Hystrix – Circuit Breaker:

Netflix Hystrix provides a framework for fault handling using a circuit breaker pattern. If some composite services depend on other core services, then failure of any of the core service can jeopardize the whole composite system if faults are not handled properly.

Netflix Hystrix provides circuit breaker capabilities to a service consumer. If a service doesn’t respond (e.g. due to a timeout or a communication error), Hystrix can redirect the call to an internal fallback method in the service consumer. If a service repeatedly fails to respond, Hystrix will open the circuit and fast fail (i.e. call the internal fallback method without trying to call the service) on every subsequent call until the service is available again.
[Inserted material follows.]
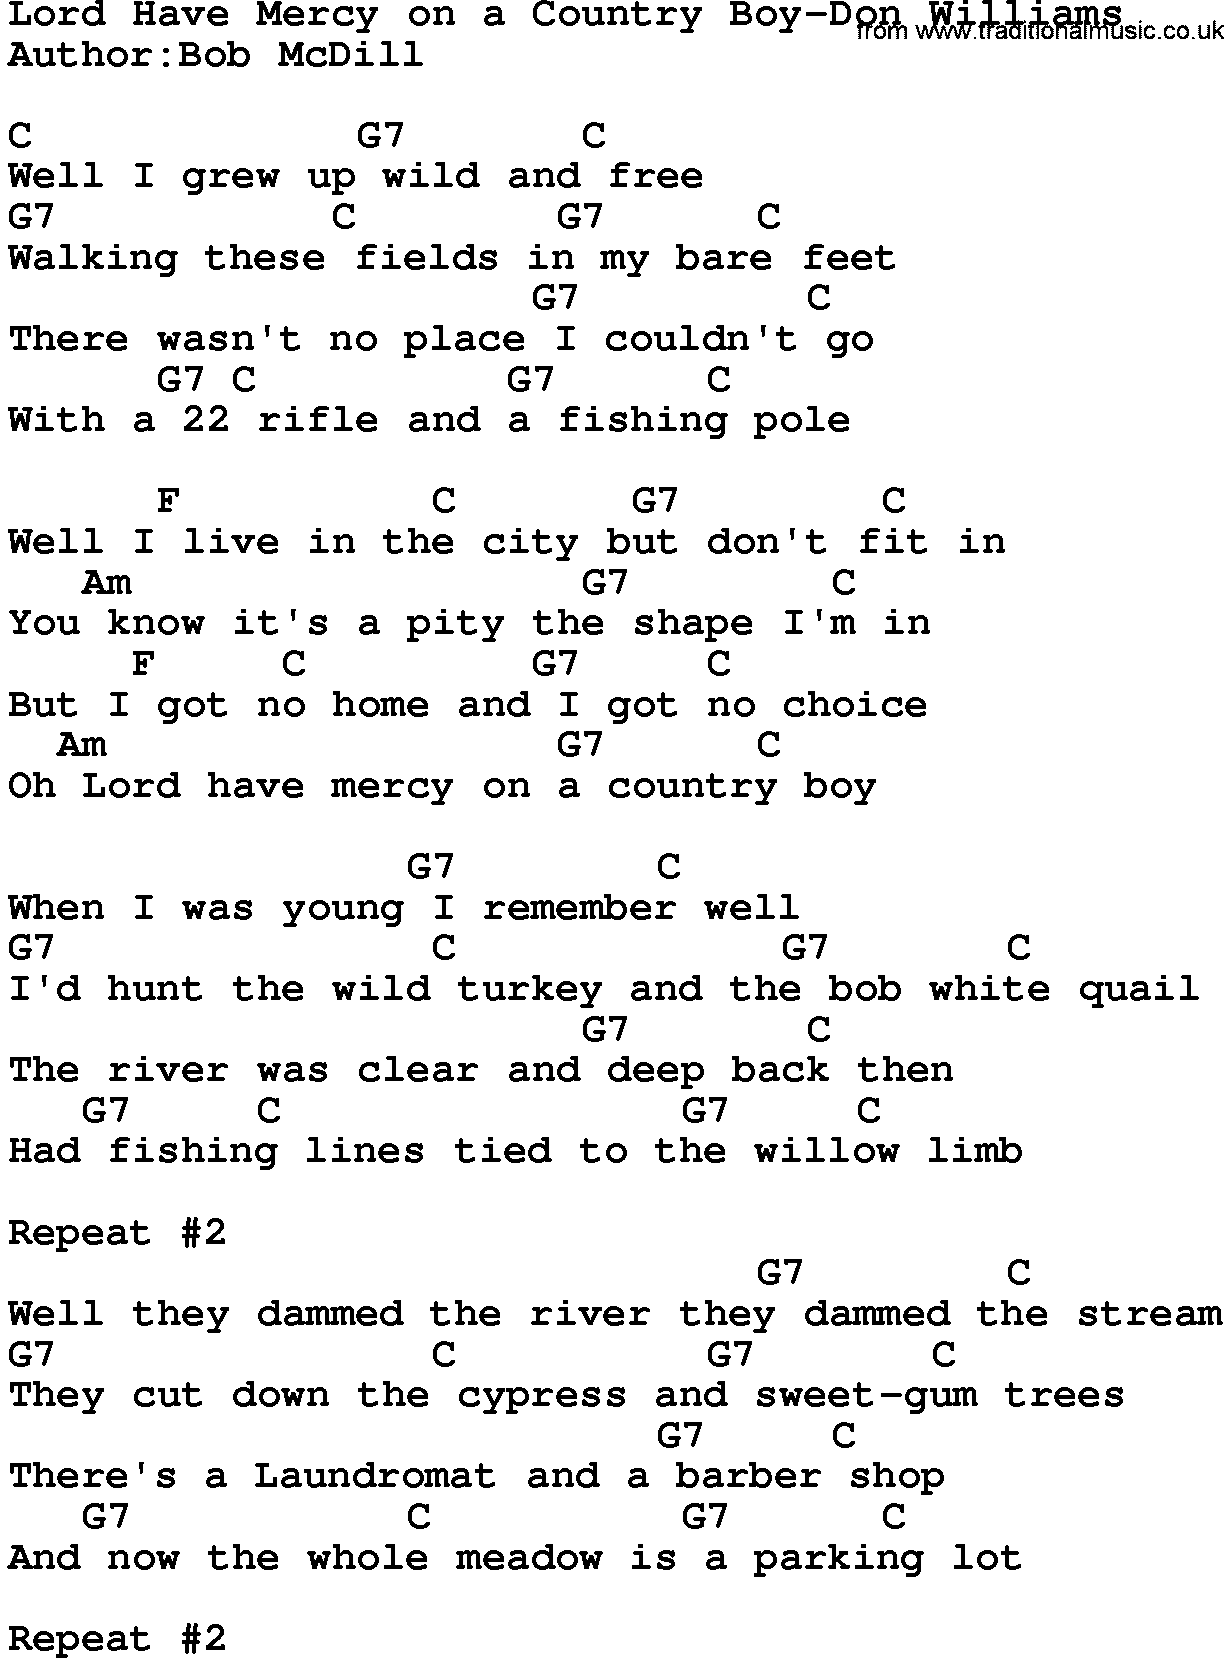 Country music song: Lord Have Mercy On A Country Boy-Don Williams lyrics and chords

To determine wether the service is available again Hystrix allow some requests to try out the service even if the circuit is open. Hystrix executes embedded within its service consumer.
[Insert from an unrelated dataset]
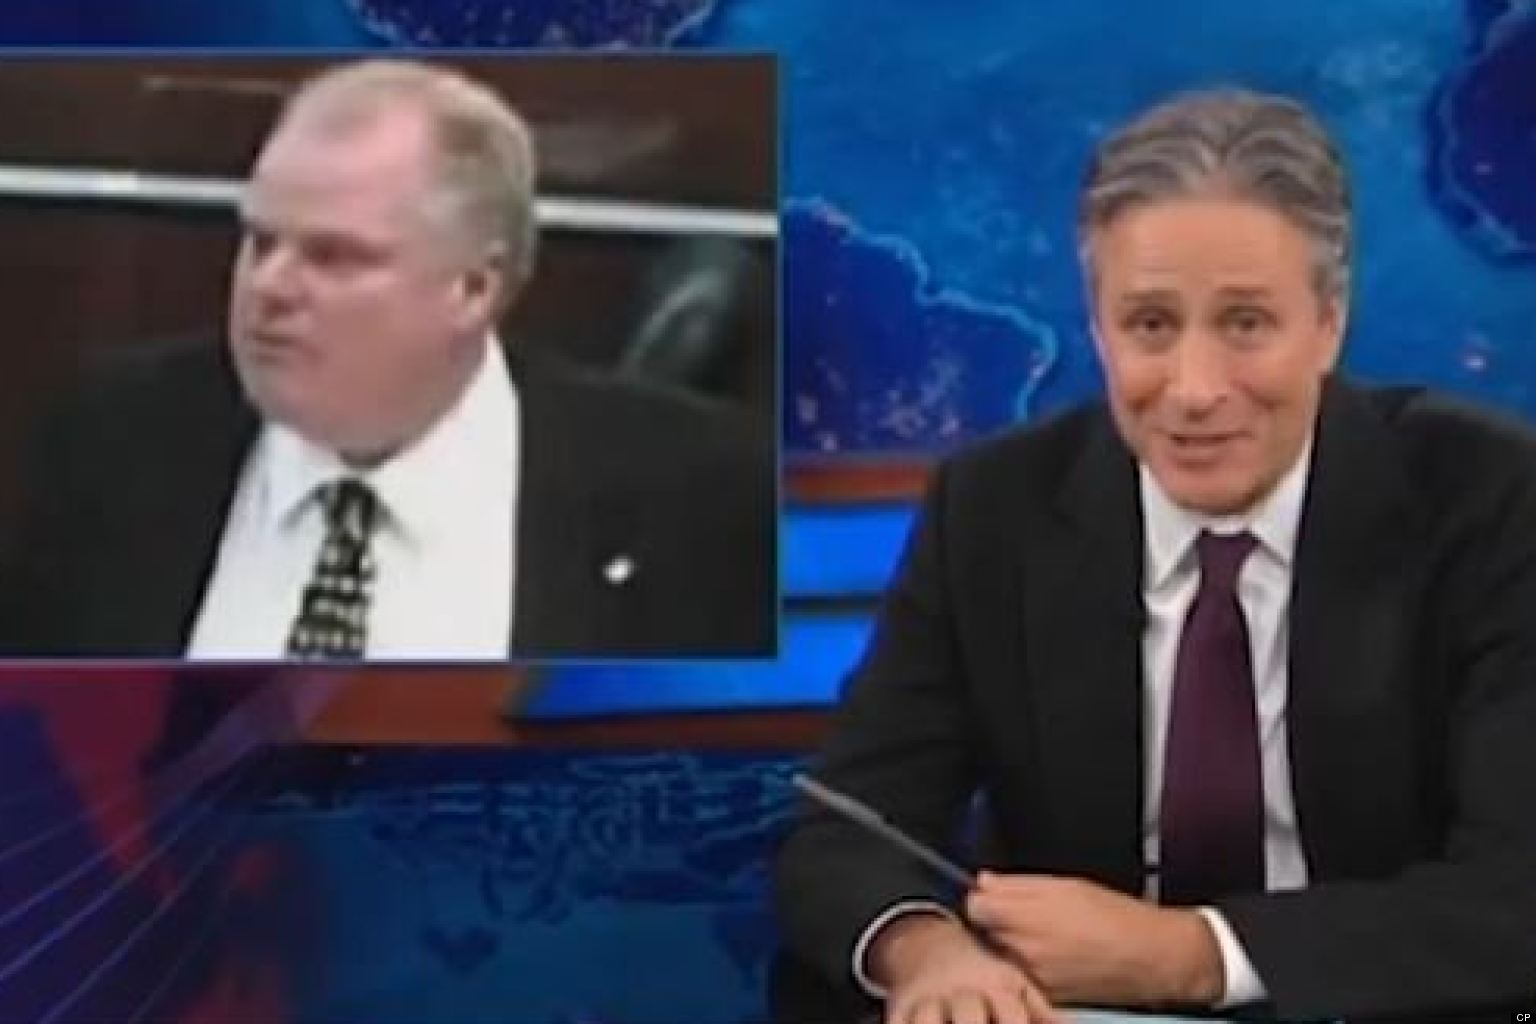 Rob ford on daily show

Netflix Hystrix dashboard and Netflix Turbine - Monitor Dashboard

Hystrix dashboard can be used to provide a graphical overview of circuit breakers and Turbine can, based on information in Eureka, provide the dashboard with information from all circuit breakers in a system landscape.

Archaius: External Configuration Management:

Archaius is the Netflix client side configuration library. It is the library used by all of the Netflix OSS components for configuration. Archaius is an extension of the Apache Commons Configuration project. It allows updates to configuration by either polling a source for changes or for a source to push changes to the client. Archaius uses Dynamic<Type>Property classes as handles to properties.
Archaius has its own set of configuration files and loading priorities. Spring applications should generally not use Archaius directly, but the need to configure the Netflix tools natively remains. Spring Cloud has a Spring Environment Bridge so Archaius can read properties from the Spring Environment.
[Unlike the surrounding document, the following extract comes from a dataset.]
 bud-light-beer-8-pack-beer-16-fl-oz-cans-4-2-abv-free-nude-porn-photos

Following is the diagram depicts the overall ecosystem with various Netflix component interactions.

 

The above diagram explains a microservice based architecture for an e-commerce portal. We have elaborated one main service which deals with product information. The whole service based architecture can be divided into 3 layers logically. The core services are the unique services producing unit information like item information, price information and ratings and review. The main product composite service consumes these core services and produces full set of information related to a product. All the services are registered with Eureka.

Ribbon is responsible to load balance across multiple instances of the core services. To avoid service outage due to a failing service or temporary network problems it is very common to have more than one service instance of the same type running and using a load balancer to spread the incoming calls over the instances. Since we are using dynamic allocated ports and a service discovery server it is very easy to add a new instance. For example simply start a new review service and it will allocate a new port dynamically and register it to the service discovery server.

The service product-composite is also enhanced with a Hystrix based circuit breaker so that if any of the core services fails it will fall back to some default (static) source. The Hystrix dashboard is also configured to monitor the status of the core services.

Similar to composite service we have created one more API service layer for the same to protect the service with OAuth2. So this layer also has circuit breaker and load balancer in order to handle fault tolerance and load balancing for product composite service. The corresponding OAuth client should be configured in the service consumer.

All the components are maintaining their configuration data thru Archaius configuration management component.